-- EXERCISE --
Everything from the line that contains "Unbekannter Künstler (Japan, Alter" through the last line of the listing must be copied exactly, with both of those lines included and no others.

-- PROVIDED RECORDS --
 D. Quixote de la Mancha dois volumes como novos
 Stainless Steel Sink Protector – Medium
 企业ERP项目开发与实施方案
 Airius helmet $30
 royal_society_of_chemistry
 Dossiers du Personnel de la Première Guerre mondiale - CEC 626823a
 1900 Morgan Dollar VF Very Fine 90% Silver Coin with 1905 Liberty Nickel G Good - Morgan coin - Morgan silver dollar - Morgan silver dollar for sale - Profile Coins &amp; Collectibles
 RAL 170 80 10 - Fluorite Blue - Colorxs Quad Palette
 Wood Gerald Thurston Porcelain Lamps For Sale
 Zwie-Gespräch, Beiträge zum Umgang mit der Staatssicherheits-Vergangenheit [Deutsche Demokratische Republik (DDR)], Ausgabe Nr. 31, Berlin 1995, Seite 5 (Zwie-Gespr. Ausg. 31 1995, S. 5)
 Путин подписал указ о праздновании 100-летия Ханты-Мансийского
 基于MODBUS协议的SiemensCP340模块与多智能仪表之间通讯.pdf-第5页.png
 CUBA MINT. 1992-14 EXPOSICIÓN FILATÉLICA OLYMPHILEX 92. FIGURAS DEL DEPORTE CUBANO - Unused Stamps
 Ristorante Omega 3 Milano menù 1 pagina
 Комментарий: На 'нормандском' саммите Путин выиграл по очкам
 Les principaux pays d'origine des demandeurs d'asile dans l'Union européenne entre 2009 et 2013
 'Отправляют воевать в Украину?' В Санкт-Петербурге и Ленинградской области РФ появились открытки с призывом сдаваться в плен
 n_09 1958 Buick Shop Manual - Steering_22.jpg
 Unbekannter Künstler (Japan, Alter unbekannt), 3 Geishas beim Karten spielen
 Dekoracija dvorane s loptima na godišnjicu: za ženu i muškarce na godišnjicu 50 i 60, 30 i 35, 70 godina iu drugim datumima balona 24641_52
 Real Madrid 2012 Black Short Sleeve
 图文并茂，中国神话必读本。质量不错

-- ANSWER TO THIS PROBLEM --
 Unbekannter Künstler (Japan, Alter unbekannt), 3 Geishas beim Karten spielen
 Dekoracija dvorane s loptima na godišnjicu: za ženu i muškarce na godišnjicu 50 i 60, 30 i 35, 70 godina iu drugim datumima balona 24641_52
 Real Madrid 2012 Black Short Sleeve
 图文并茂，中国神话必读本。质量不错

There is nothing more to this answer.